# A Larger, Later Siberian Eruption Would Definitely Change Eurasia, But How?



## Jdailey1991 (Jul 29, 2016)

_I have a picture for this scenario, but I'm not allowed to post attachments, apparently._


Flood basalt catastrophes were something that never happened in human history, but they were common much earlier in Earth's history. The one that comes to the mind of the mainstream were the Siberian Traps, believed to be the culprit for the worst mass extinction in history, killing off 70% of terrestrial species and 95% of marine species, covering a volume of one to four million cubic kilometers and a maximum thickness of 4500 meters.


These eruptions happened 252 million years ago, more than enough time for the forces of erosion and soil accumulation to reduce the Siberian Traps into a pale shadow of their former self.


In this alternate scenario, the Siberian Traps still erupted, but with the following differences:



*Date*: 60-43 million years ago, so slowly that if it were responsible for a mass extinction, it wouldn't have been dramatic enough for anyone to notice.


*Volume*: 59-77 million cubic miles


*Maximum thickness*: 2.5 miles


Marked in red were the cracks in which lava would have oozed out of the mantle and flowed to the surface 60-43 million years ago.
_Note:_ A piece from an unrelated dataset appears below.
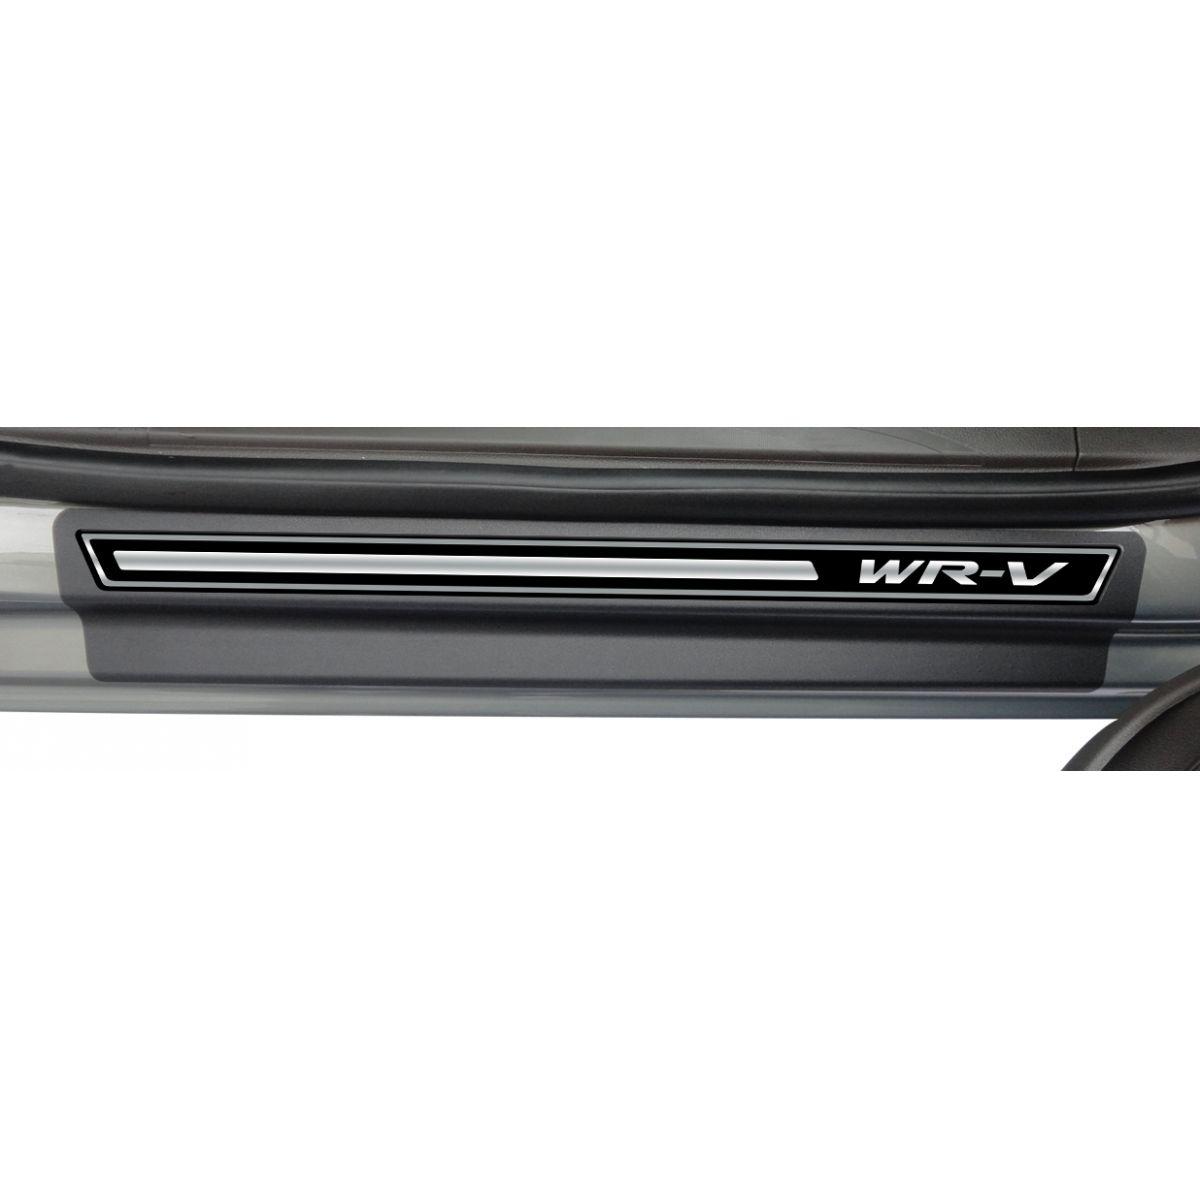 Soleira de Porta Premium Honda WRV 2017  - Só Frisos Ltda
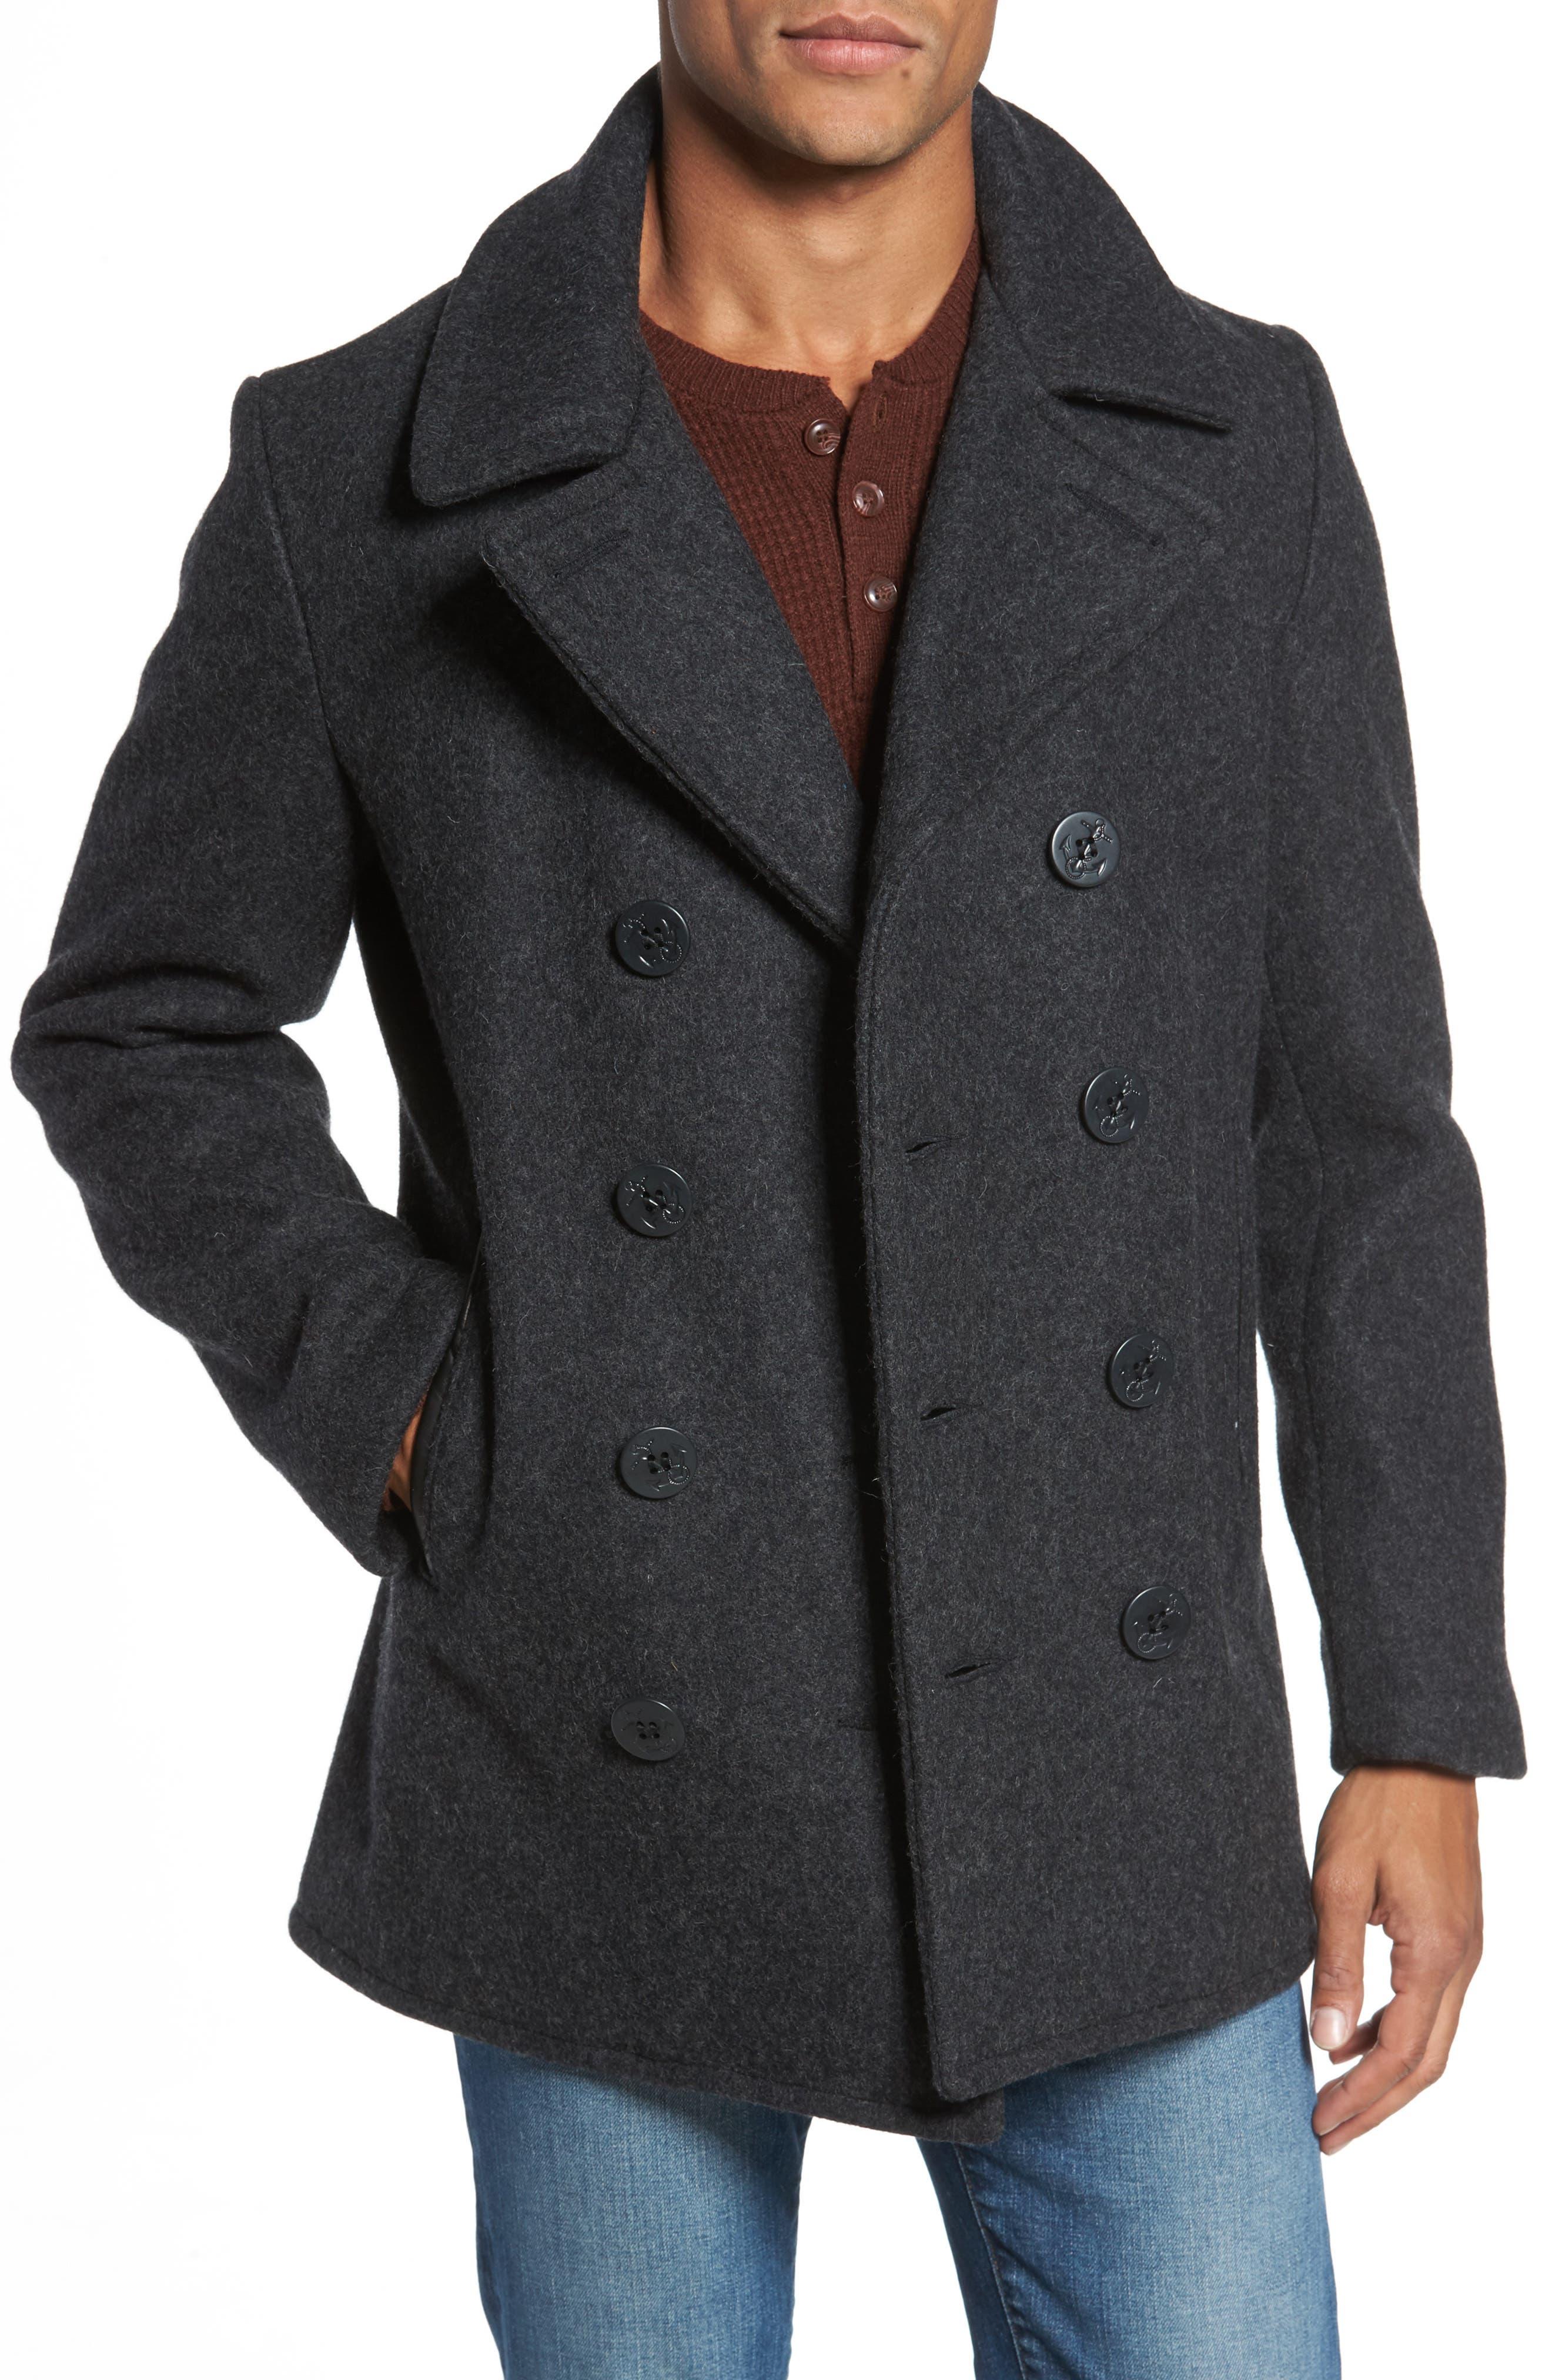 Slim Fit Melton Wool Blend Peacoat,                             Main thumbnail 1, color,                             022

43 million years of erosion and soil accumulation would have given Eurasia a drastically different landscape as opposed to 252 million years of the same thing. Siberia back home is pretty remote and its geographic diversity makes it pretty challenging real estate. Would this Siberia be even more so? Would we still expect to see steppe, desert, forest, wetland and tundra in Russia or would mountains and plateaus be more prevalent?


----------



## Alile (Aug 10, 2016)

The only thing I can suggest is finding a geologist who can help you. A polite e-mail might get you some answers. Try universities.


----------



## Jdailey1991 (Aug 10, 2016)

Alile said:


> The only thing I can suggest is finding a geologist who can help you. A polite e-mail might get you some answers. Try universities.





Any ideas which U to go?


----------



## skip.knox (Aug 10, 2016)

Try this search string

siberian traps site:edu 

That site:edu string is handy for scoping a search to universities and other entities that merit the domain. It does not, however, include universities outside the USA.


----------



## Jdailey1991 (Aug 10, 2016)

skip.knox said:


> Try this search string
> 
> siberian traps site:edu
> 
> That site:edu string is handy for scoping a search to universities and other entities that merit the domain. It does not, however, include universities outside the USA.





Does it have to be a colon instead of a dot?


----------



## CupofJoe (Aug 11, 2016)

Jdailey1991 said:


> Does it have to be a colon instead of a dot?


Yes as it is part of the search parameter and not the web address.
As an example
*siberian traps site:ac.uk *
would work for UK academic sites...


----------